I have a timeseries of values (e.g., a random walk of stock market prices) stored in a PostgreSQL database. It's a very large table and I'd like to be able to handle queries for arbitrary time spans similarly fast. I have this chart in the back of my mind, and I wonder how they did this.
A simple Example:
WITH t(ts, val) AS ( VALUES
('2012-10-04 00:00:00'::timestamp, 1.11::numeric),
('2012-10-04 00:00:01', 1.21),
('2012-10-04 00:00:02', 1.25),
('2012-10-04 00:00:03', 1.41),
('2012-10-04 00:00:04', 1.31),
('2012-10-04 00:00:05', 1.25),
('2012-10-04 00:00:06', 1.33))
(Assume there's an index on the timestamp column.) The table is large, and it takes a long time to retrieve all values of a time span of, e.g., a quarter of a year. However, as all I want to do with that data is to make a plot to visualize the global trend, I do not really need to get the entire data set from that period, but a representative subset would be fine.
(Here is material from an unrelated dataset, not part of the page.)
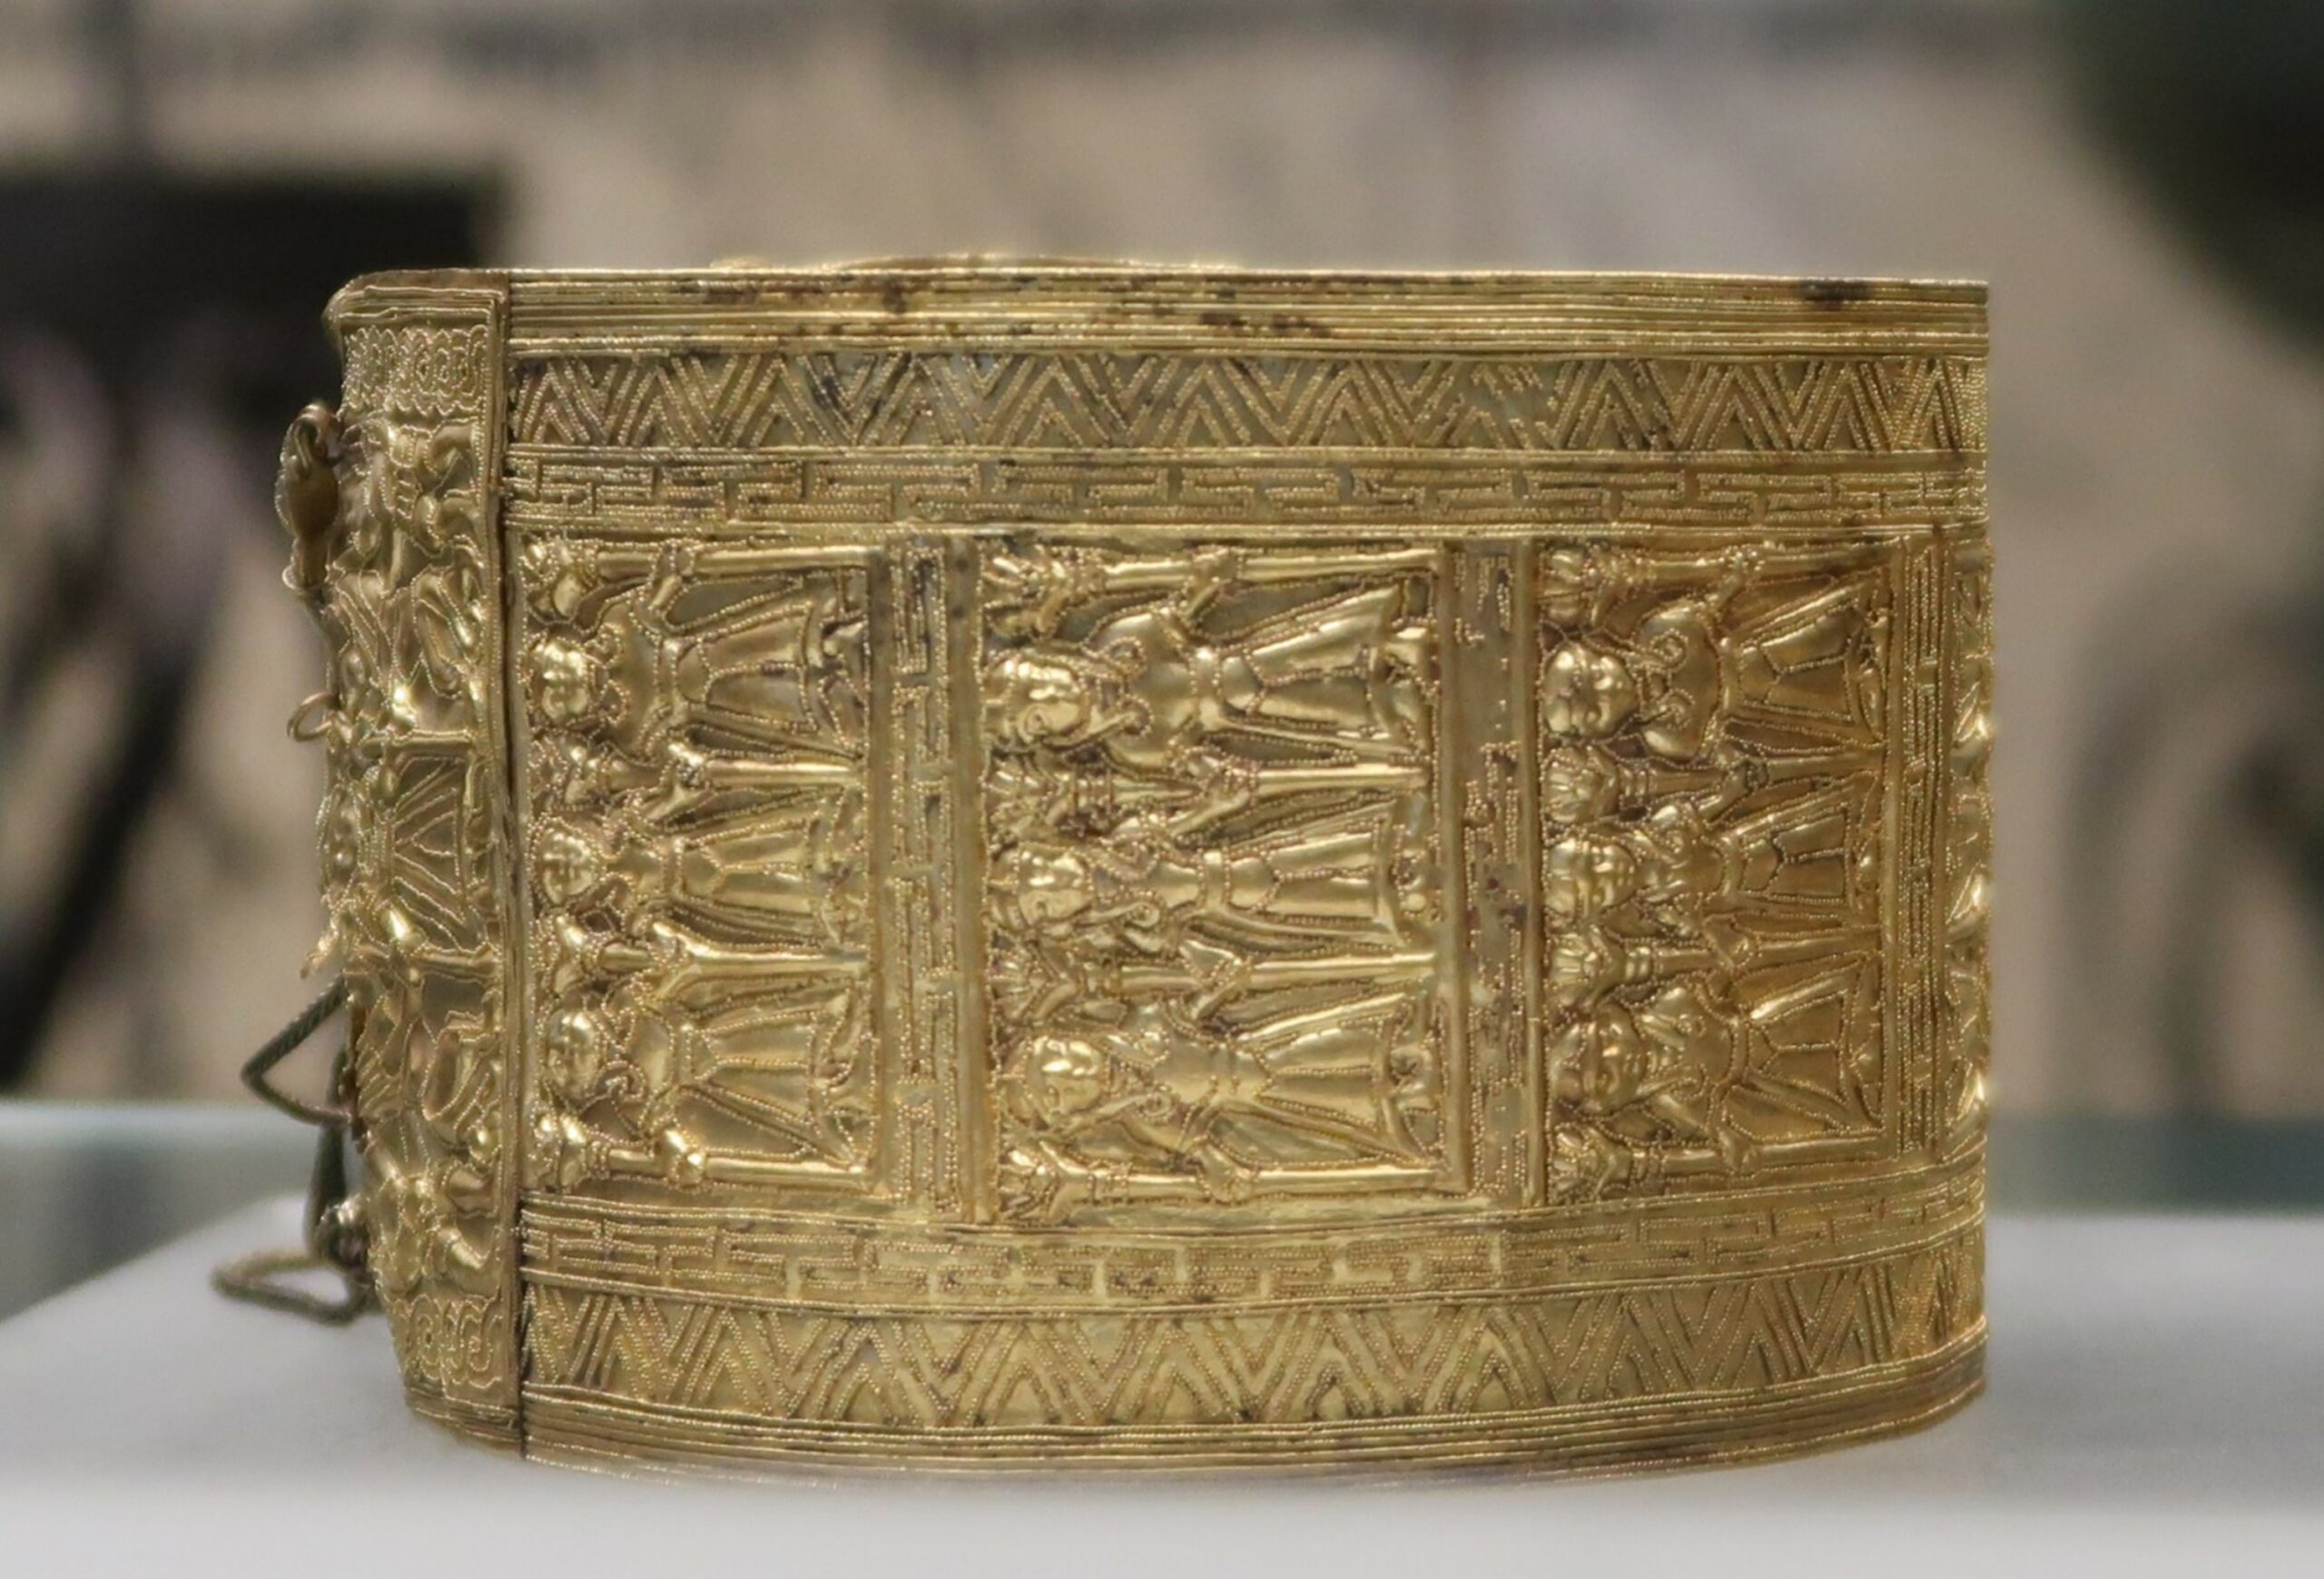 Bracelet en or. Or poli et fondu, décoré en repoussé et granulation long. cm 26 ; larg. cm 6,7/6,9 ; diam. cm 9,3/10

Things that came to my mind:
- generate a list of sub-statements, each of which retrieves one arbitrary value for a short sub-time-interval (e.g. one value per hour interval).
- aggregate values, e.g.
AVG()
and group bydate_trunc('hour', ts)
or similar (but would this be any faster on its own? Probably make another table that holds pre-aggregated values?)
Is there a way-to-go to achieve this?